Records from a collection
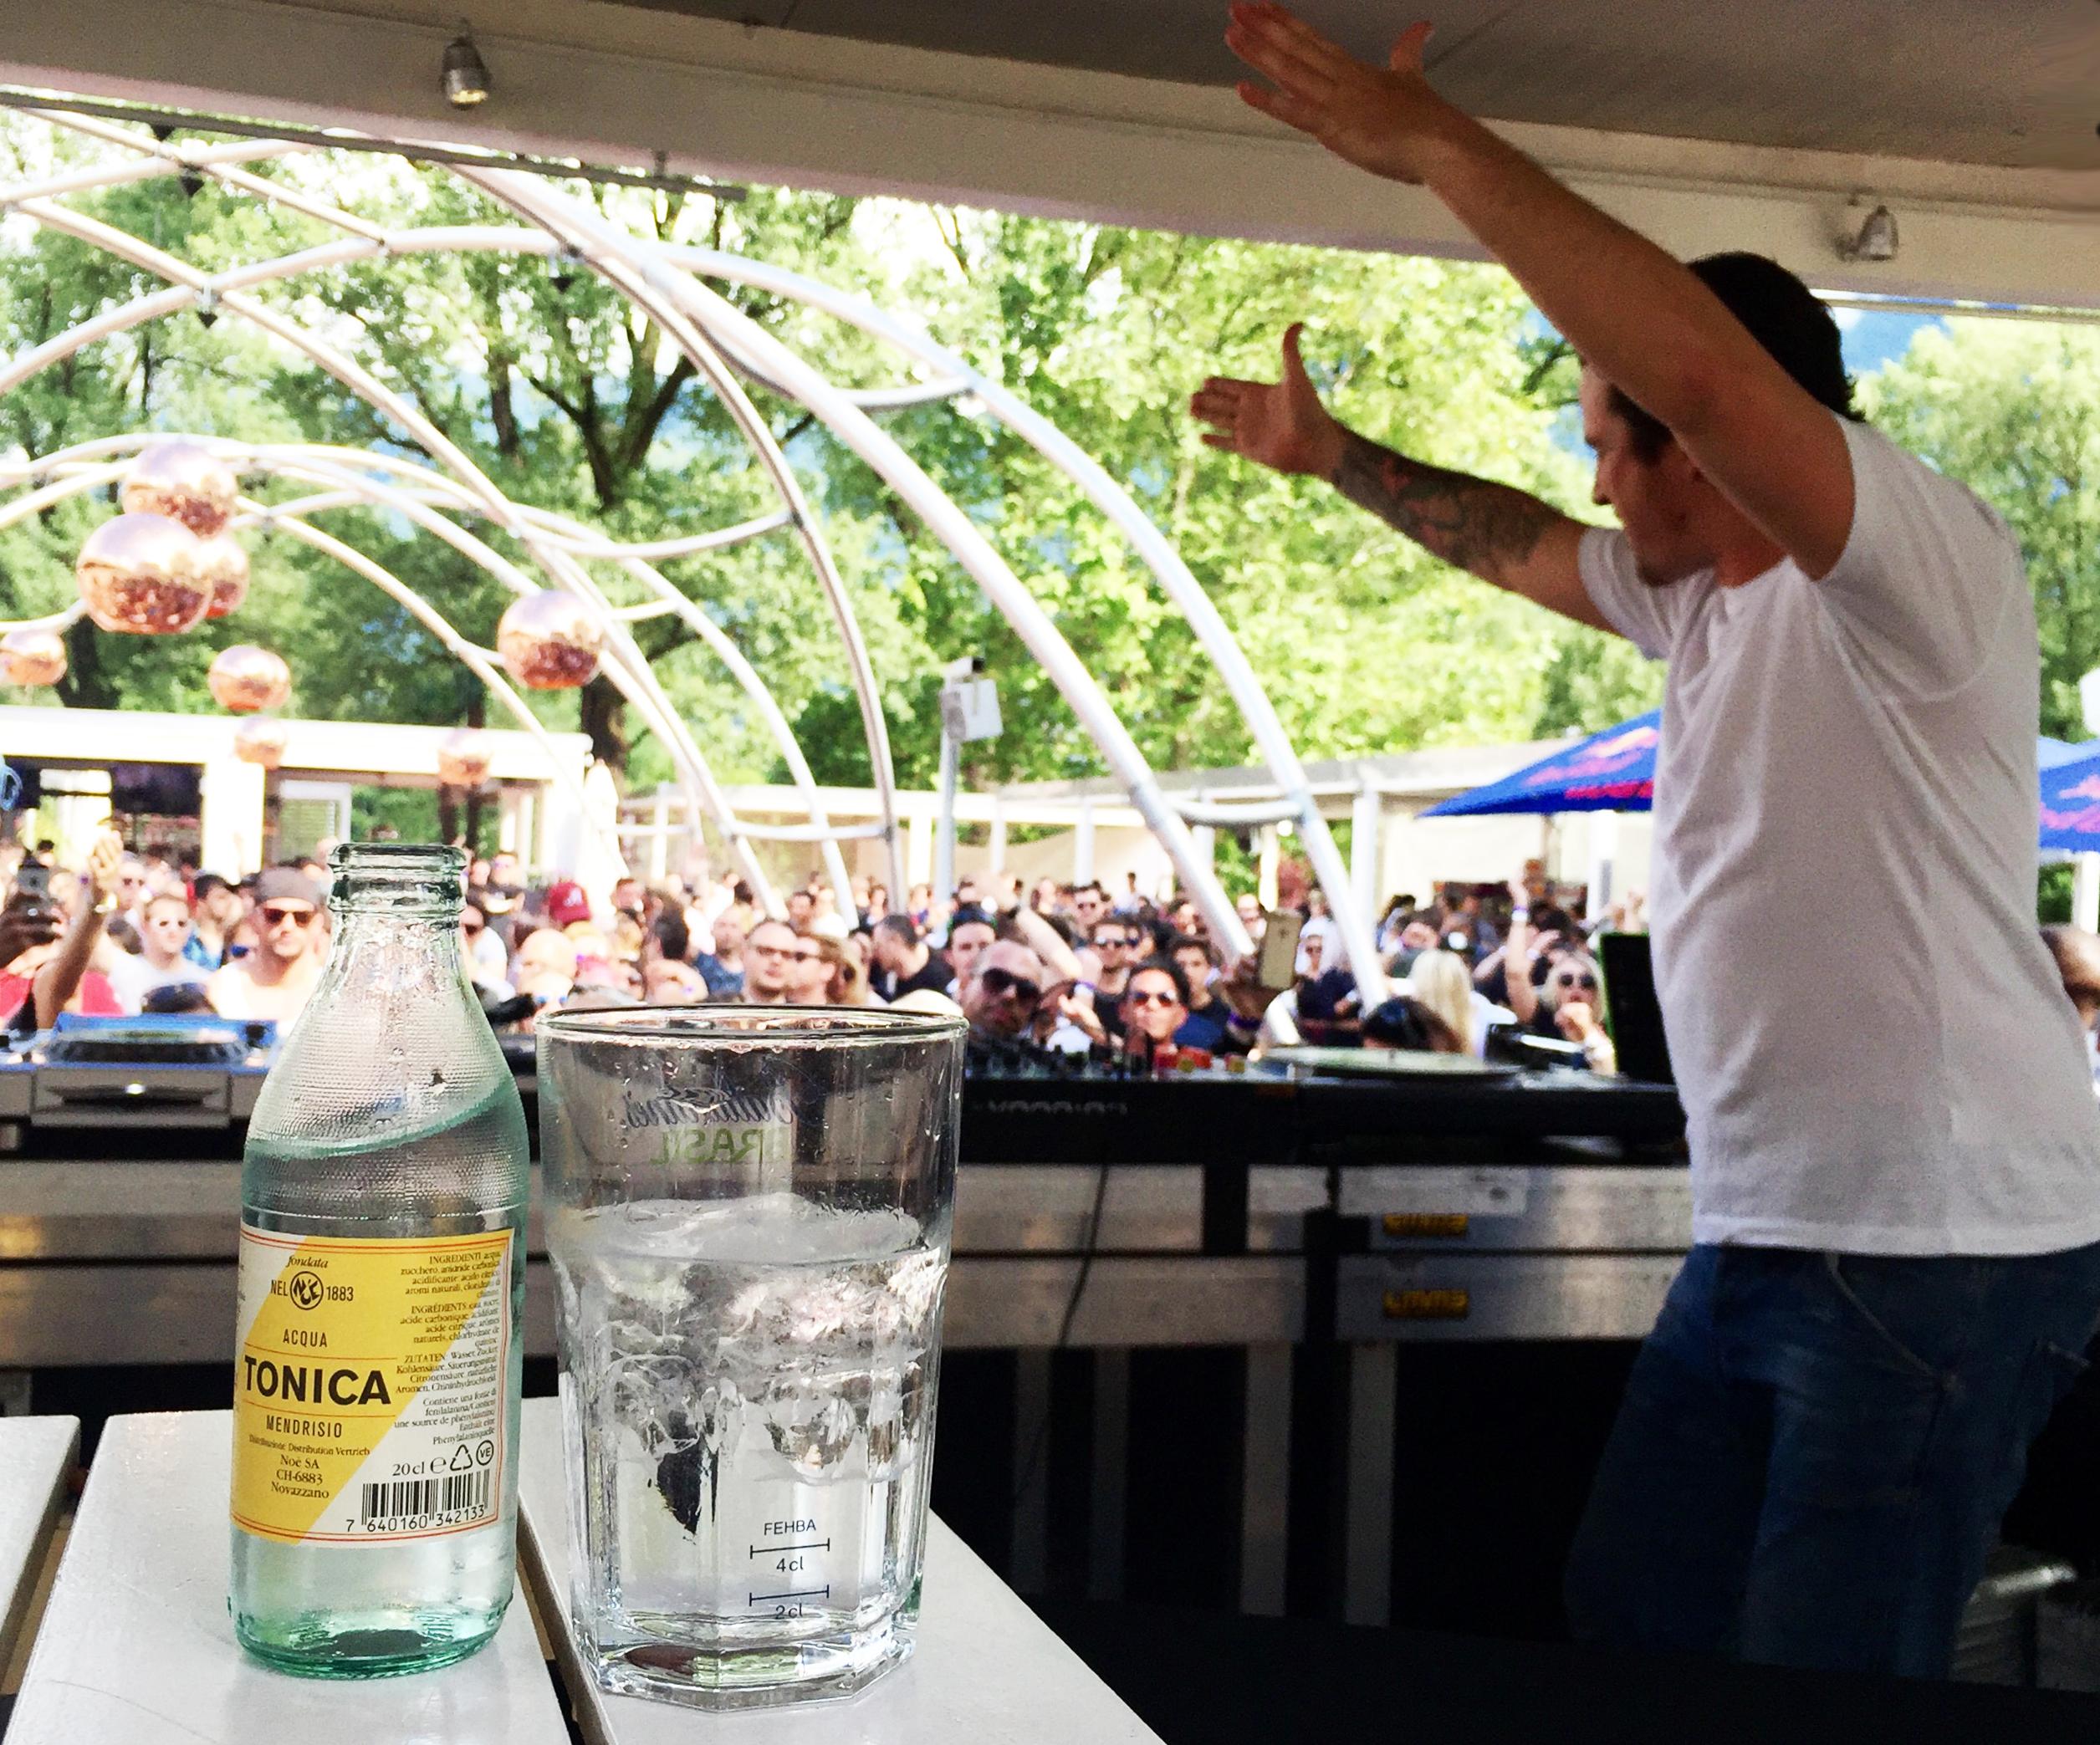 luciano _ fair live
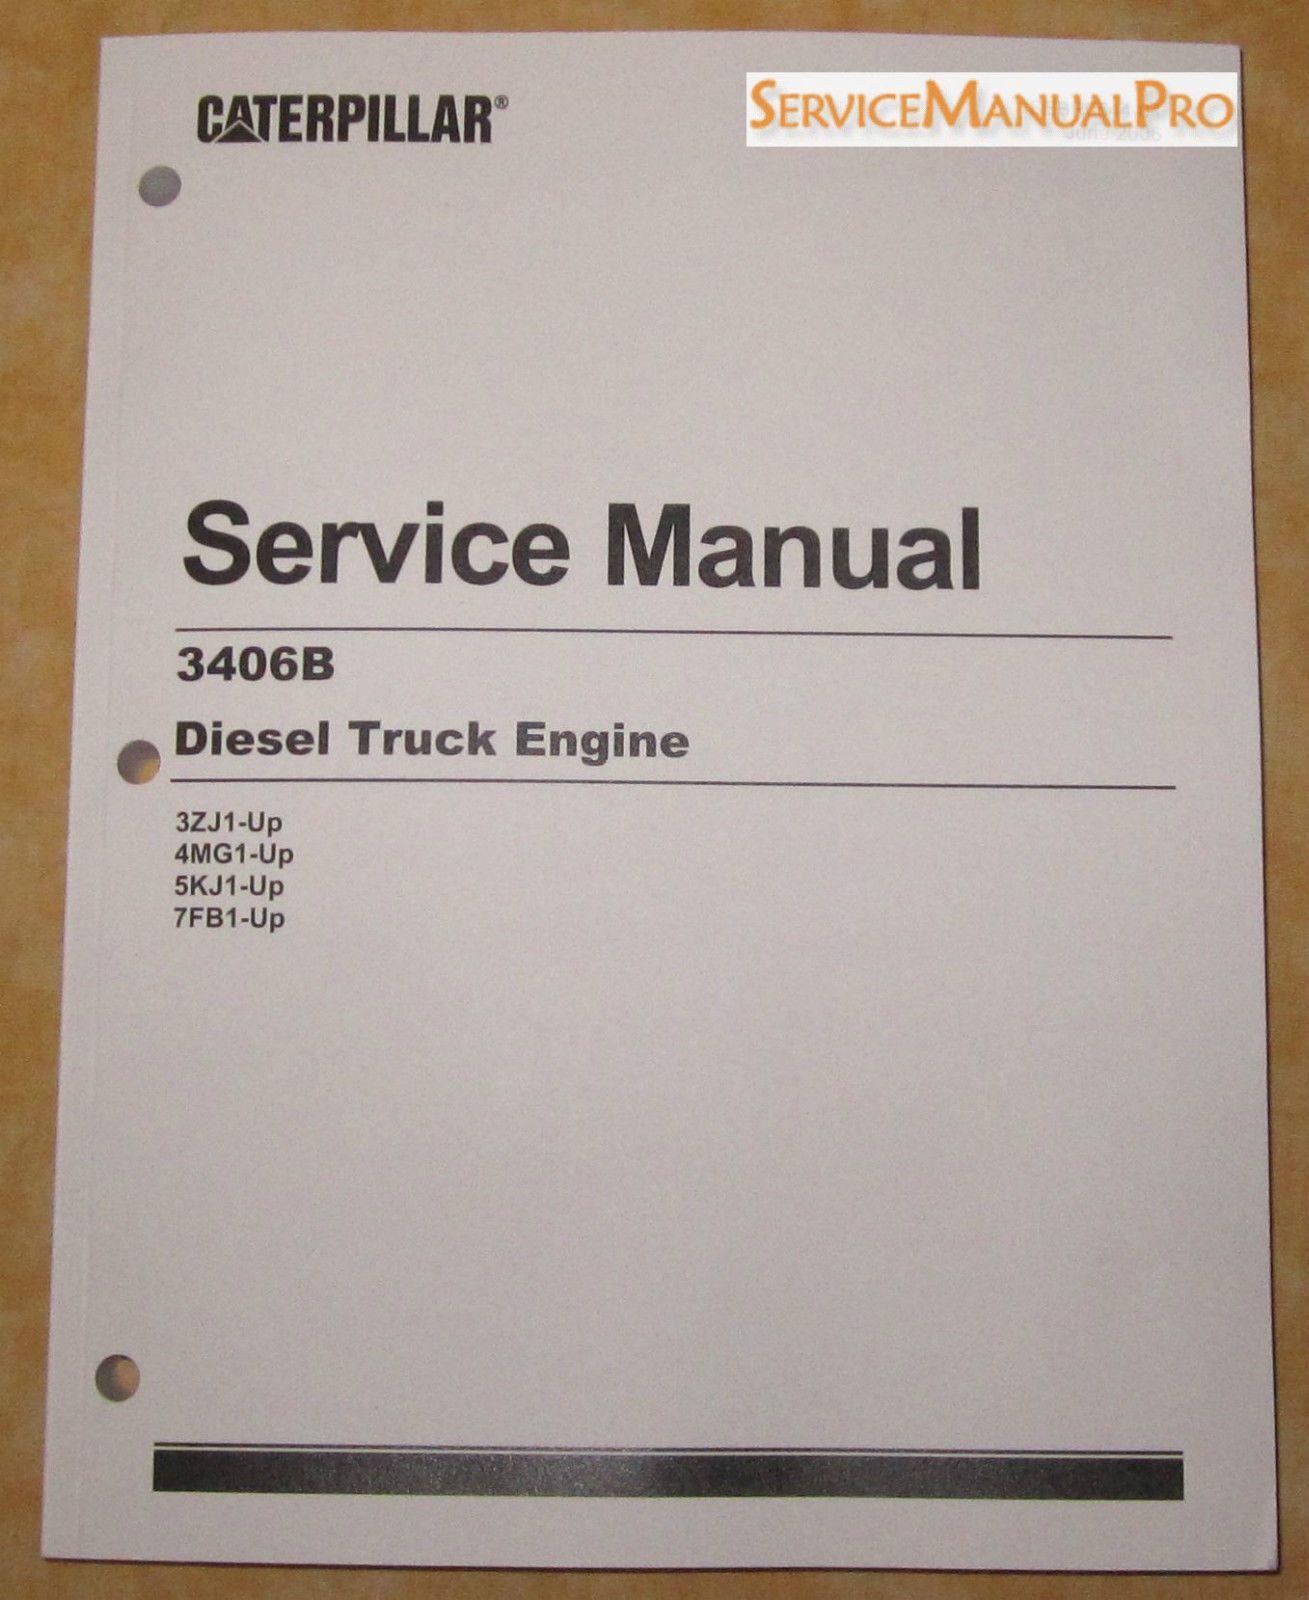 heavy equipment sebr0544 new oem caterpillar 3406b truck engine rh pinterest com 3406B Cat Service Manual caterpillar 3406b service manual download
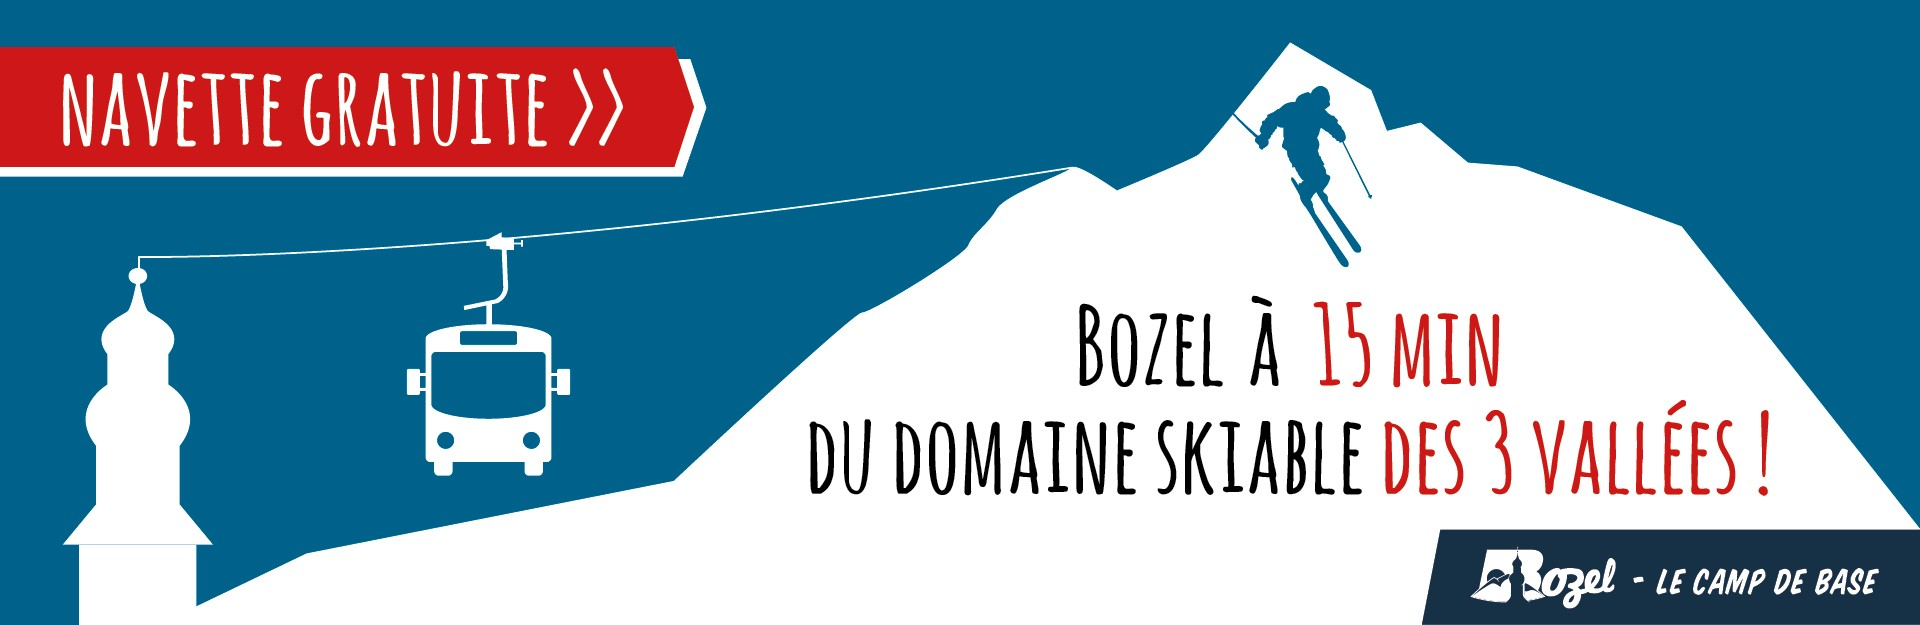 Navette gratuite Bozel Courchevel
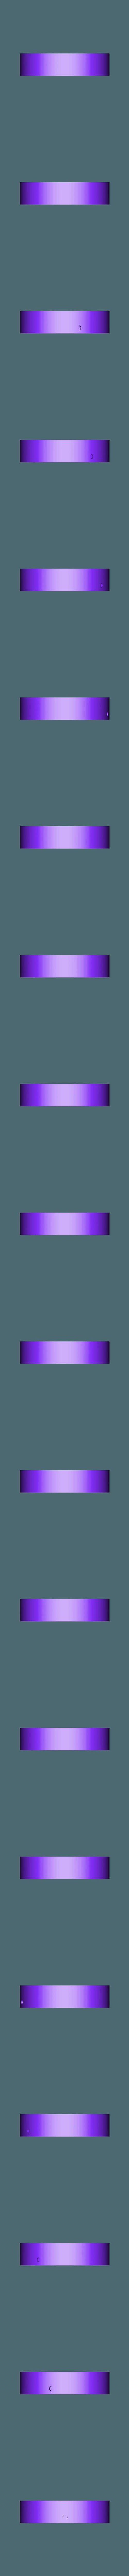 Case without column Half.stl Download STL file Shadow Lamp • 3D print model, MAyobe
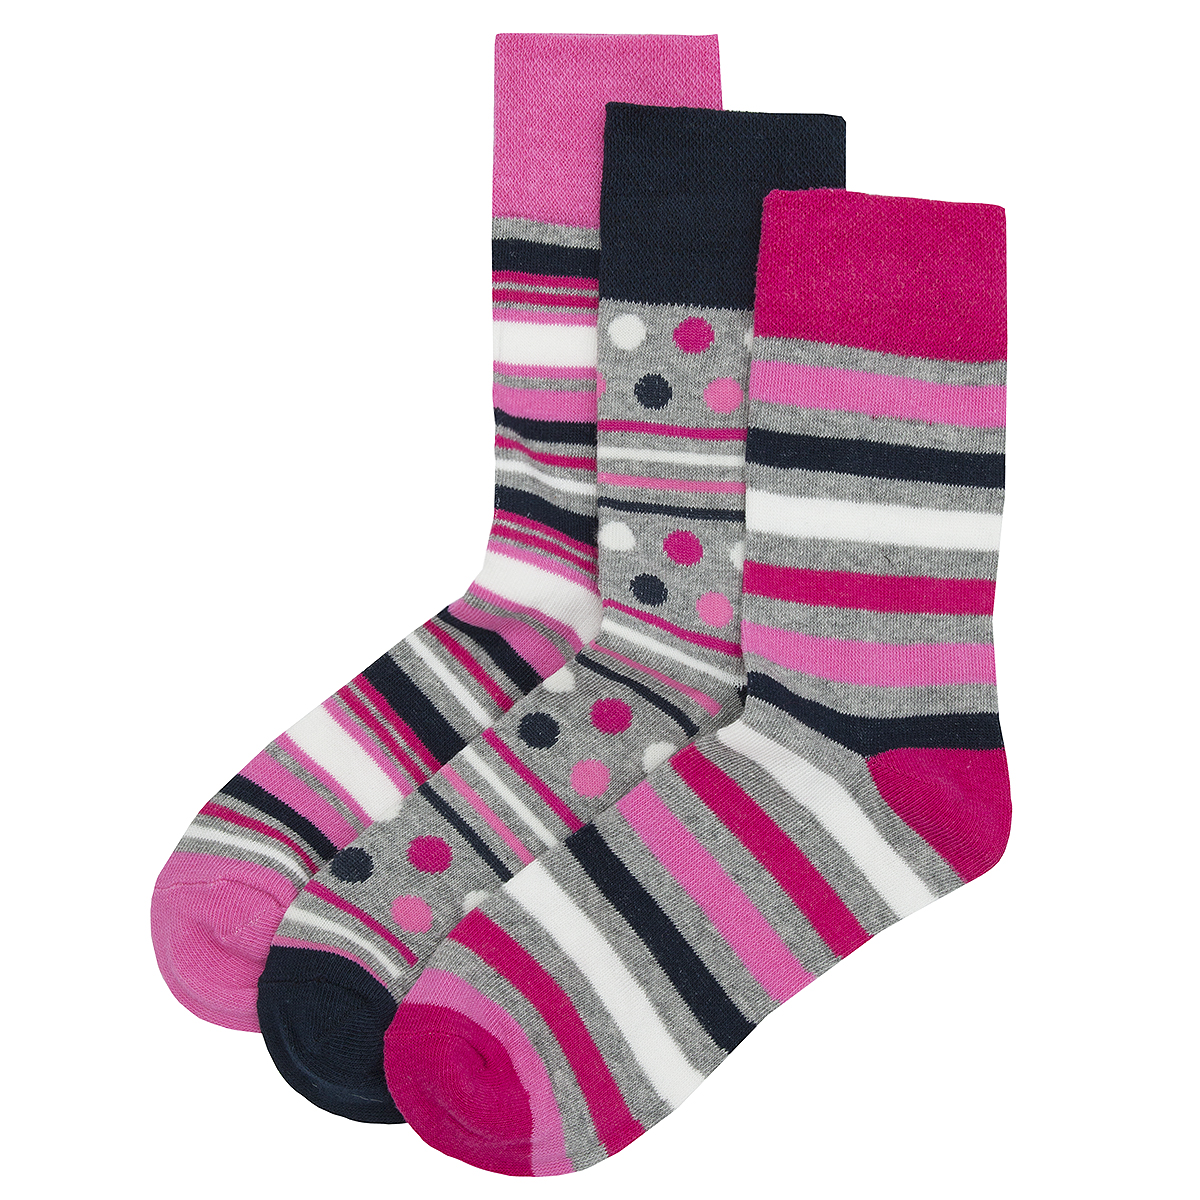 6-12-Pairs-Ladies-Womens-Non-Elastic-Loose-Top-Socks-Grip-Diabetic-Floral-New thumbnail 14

* _THE TASK_: Output the records above character for character, but leave each image out.

* _WRITTEN ANSWER_:
 luciano _ fair live
 heavy equipment sebr0544 new oem caterpillar 3406b truck engine rh pinterest com 3406B Cat Service Manual caterpillar 3406b service manual download
 Navette gratuite Bozel Courchevel
 Case without column Half.stl Download STL file Shadow Lamp • 3D print model, MAyobe
 6-12-Pairs-Ladies-Womens-Non-Elastic-Loose-Top-Socks-Grip-Diabetic-Floral-New thumbnail 14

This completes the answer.